Maintenance is relatively low. Typically you're looking at using diesel engines, which are low maintenance. The airframe is obviously not an issue. You do have to have an inspection. Those ten days you're spending in the hangar include seven days for an annual end-to-end inspection. It has to have it annually.
The regulations for airplanes, which may be the same for the airships, say that every thousand hours, or whatever that number is, you have to go in for a check-over. There are certain checks that go along with that, and the regulations follow that, except, again, in Canada. Since we have no experience, and we have no airships, we really have no regulations like that.
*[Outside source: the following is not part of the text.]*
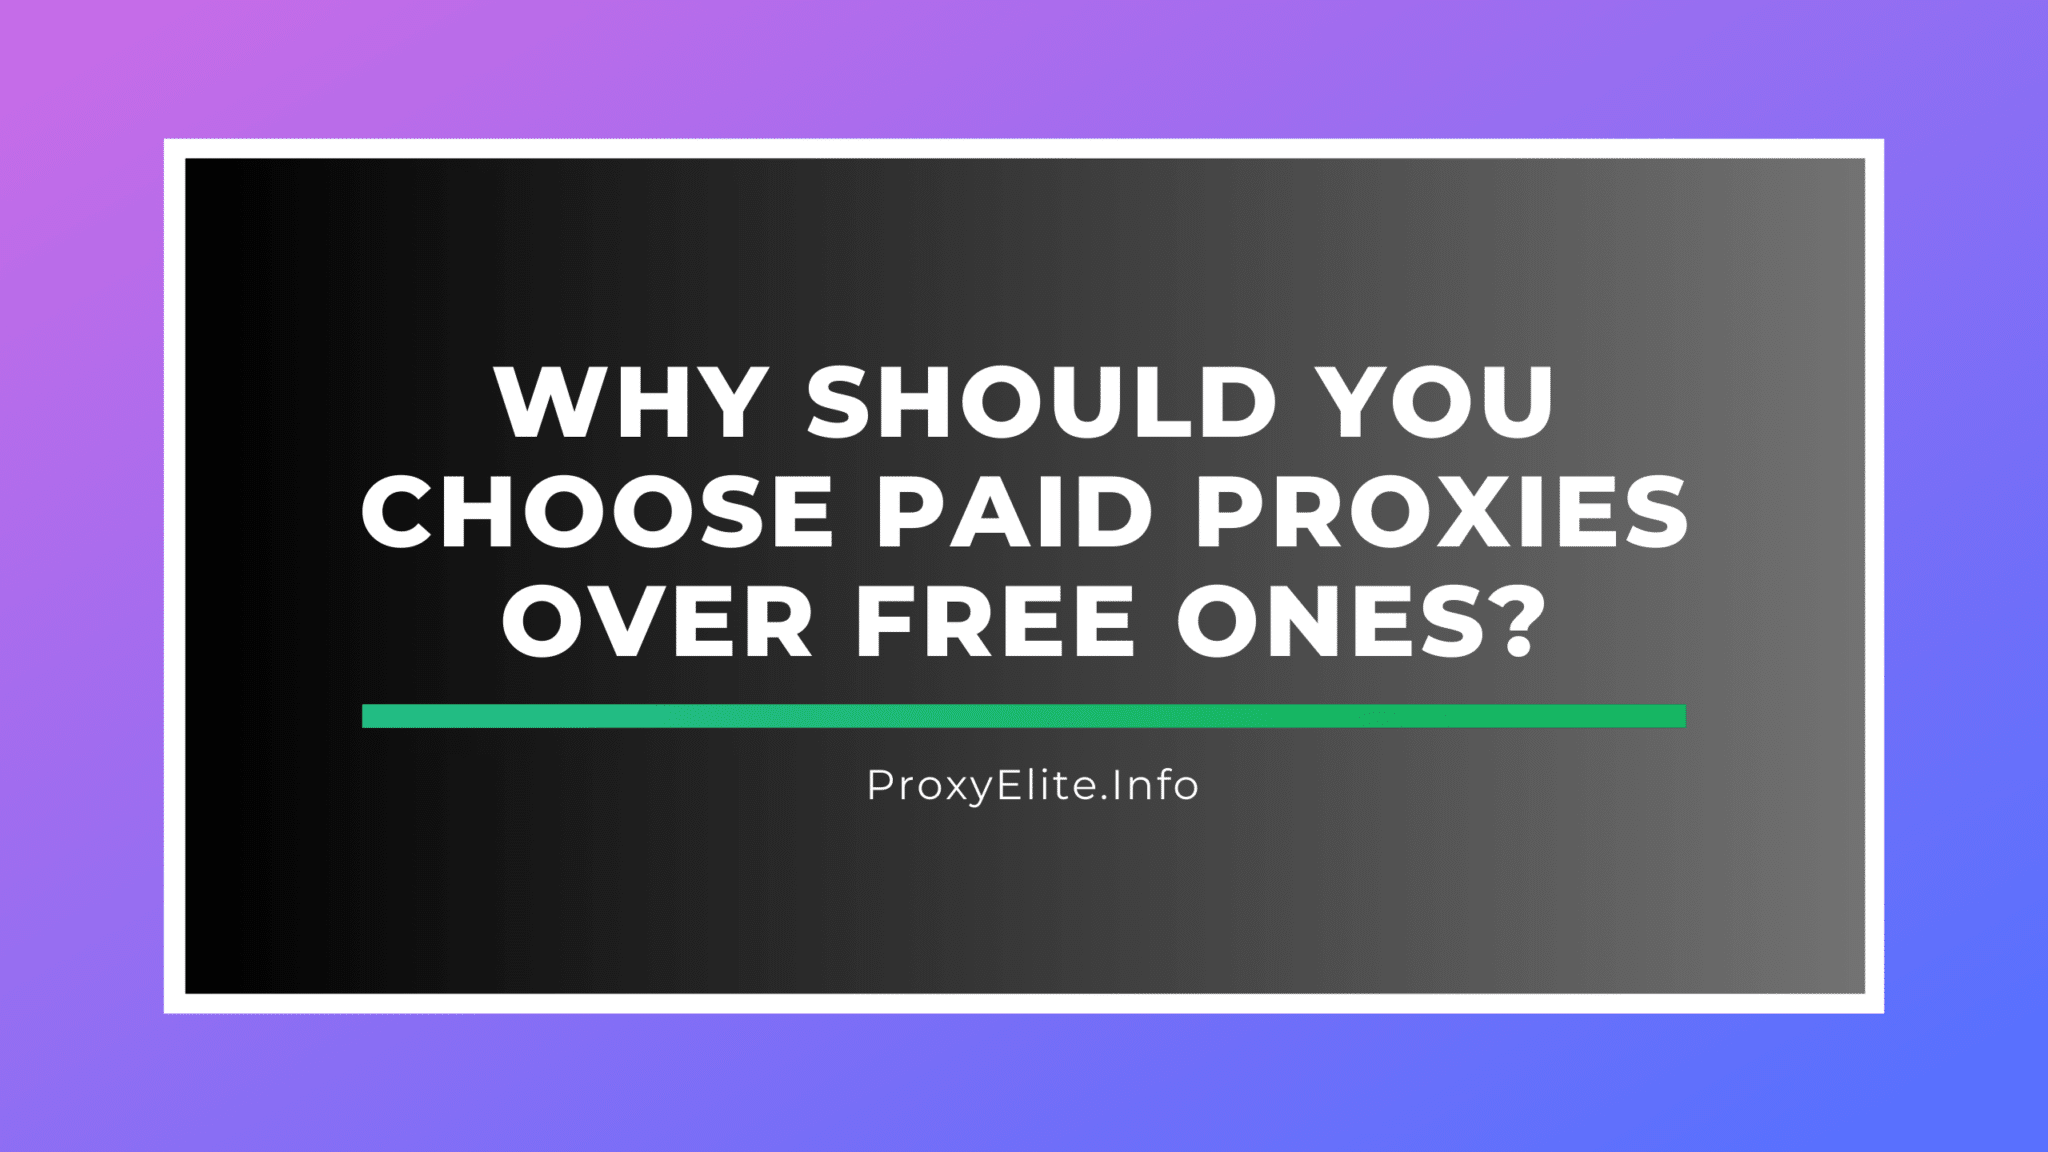 Tại sao bạn nên chọn proxy trả phí thay vì proxy miễn phí?

In fact, this may be an opportunity for us. I don't suggest that we simply carbon copy what's been done in other places. We should look and see what's reasonable for Canada to do, because these are not the same as airplanes.
These are different vehicles. They don't fall out of the sky when the engines quit. They float around. You can come down to earth safely by releasing the emergency valves. They don't have the same kinds of pilot requirements in the sense that it's kind of a boring job, being an airship pilot, because you move pretty slowly. You're going along. It's not very exciting, as it would be in an airplane.
The regulations need to be developed specifically for this technology and not just carbon copied from someplace else.
To give you an example, again, my view is that with $100 million, you could buy three airships, the 20-tonne size, and have a hangar. That's enough to get started. That's a relatively low number compared to what it would cost to start up an airplane operation of a similar size.